To this day, ore, leather, or herbs are still claimed only by those who can gather the material, no questions are asked, but enchanters are still expected to quietly, without complaint, provide enchantment materials on request. In fact, this abuse has now been institutionalised with the new 'disenchant' feature. Adding the 'greed' button as a choice when rolling for loot solved many problems, as players can show they 'need' an item, or they roll 'greed' if they are only going to sell it. Now, players can also select 'disenchant', which performs the same task as the 'greed' button, but on winning the roll the item instead is disenchanted automatically and the player gets the resultant materials, skipping the need for the enchanter's involvement and time-consuming trade windows.
The new 'disenchant' option sounds rather efficient. But an important point of the new feature is that it only provides the disenchanted materials, instead of the item itself, if an enchanter is in the party, one skilled enough to be able to disenchant the item normally. Without an enchanter present, the 'disenchant' option reverts to the same function as 'greed'. Essentially, the skill of the enchanter, the time and effort invested, is being treated as little more than a convenience. There is no choice in being able to opt-out of having your enchanting skills being used in so cavalier a manner. As long as you are present and someone selects the 'disenchant' option you are effectively forced to provide a service that you may not be comfortable or agree with.

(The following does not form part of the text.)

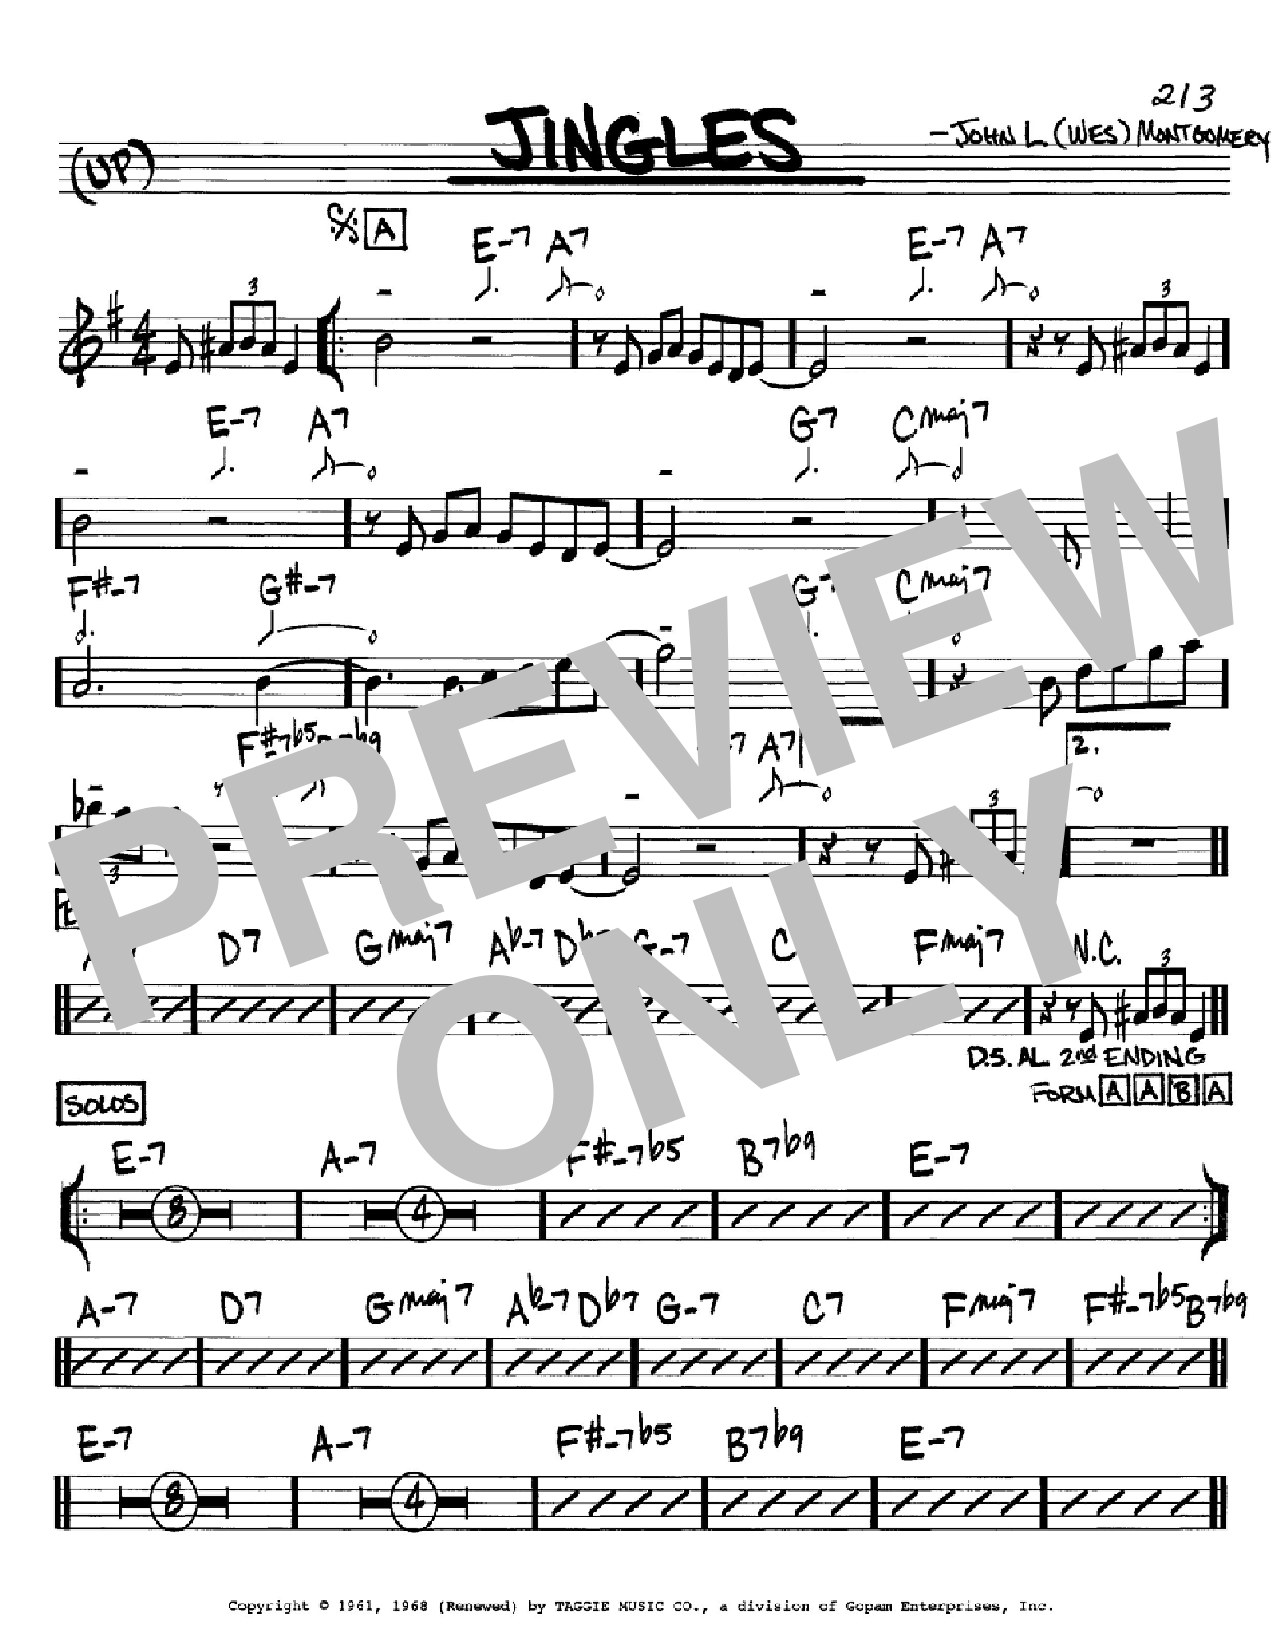 Wes Montgomery Jingles sheet music notes and chords. Download Printable PDF.
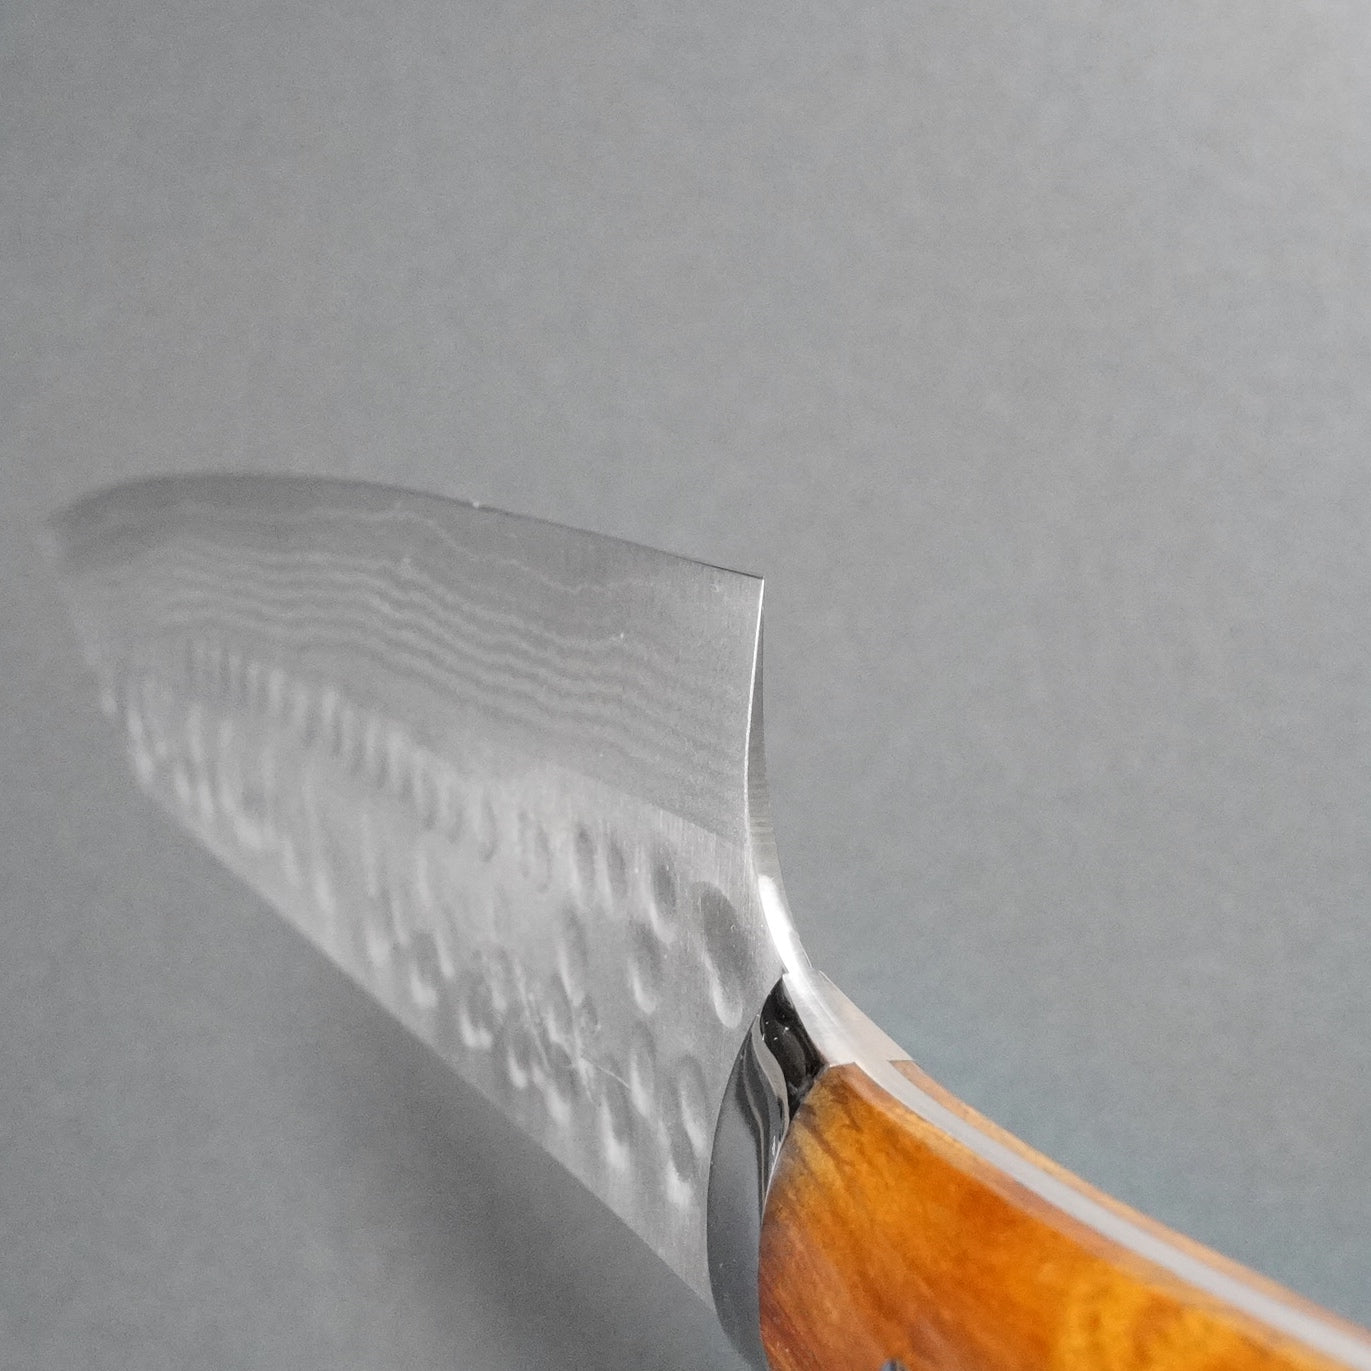 Japanese Full Tang Chef Cooking Knives – HAND FORGED KNIFE

There is still no choice to let you choose to skin a corpse, to which you have looting rights, if a skinner is in the party. There is no choice to be able to mine an mineral node if there is a miner available. Herbs cannot be gathered by the character next in line to loot just because a herbalist is present. Yet the enchanting skill is abused and pillaged without consent. No one even bothers to ask any more if there is an enchanter in the party, as there is no need. Yet if one happens to be present and shards are casually dropped in to a character's bags there are no words of thanks to the anonymous benefactor, it is all entirely taken for granted. This is even a step backwards from when enchanters had to do more of the work.
Enchanting has always been difficult and unrewarding work, despite it being considered necessary for any top-level adventuring. Now, more than ever, it is a thankless task. Not only do bind-on-pickup items get turned in to shards, but any item not otherwise needed can be transparently disenchanted and silently awarded to a non-enchanter, the enchanter herself getting no reward for the investment in to the skill, or even a word of thanks. The question is not so much how we got in to such a state of affairs, as it feels like enchanters have never been respected, but why, after learning all of this with one character, did I create a second character to choose enchanting as a profession? I hate the new option to disenchant loot, I feel it paradoxically lessens the perceived worth of my character.
28th January 2010 at 10.21 am
So true. And that's one of the reasons I'm glad I didn't make my character with enchanting my main, there are others of cause. Like it being a gnome and ne hating how pretty much everything piece of gear looks on gnomes.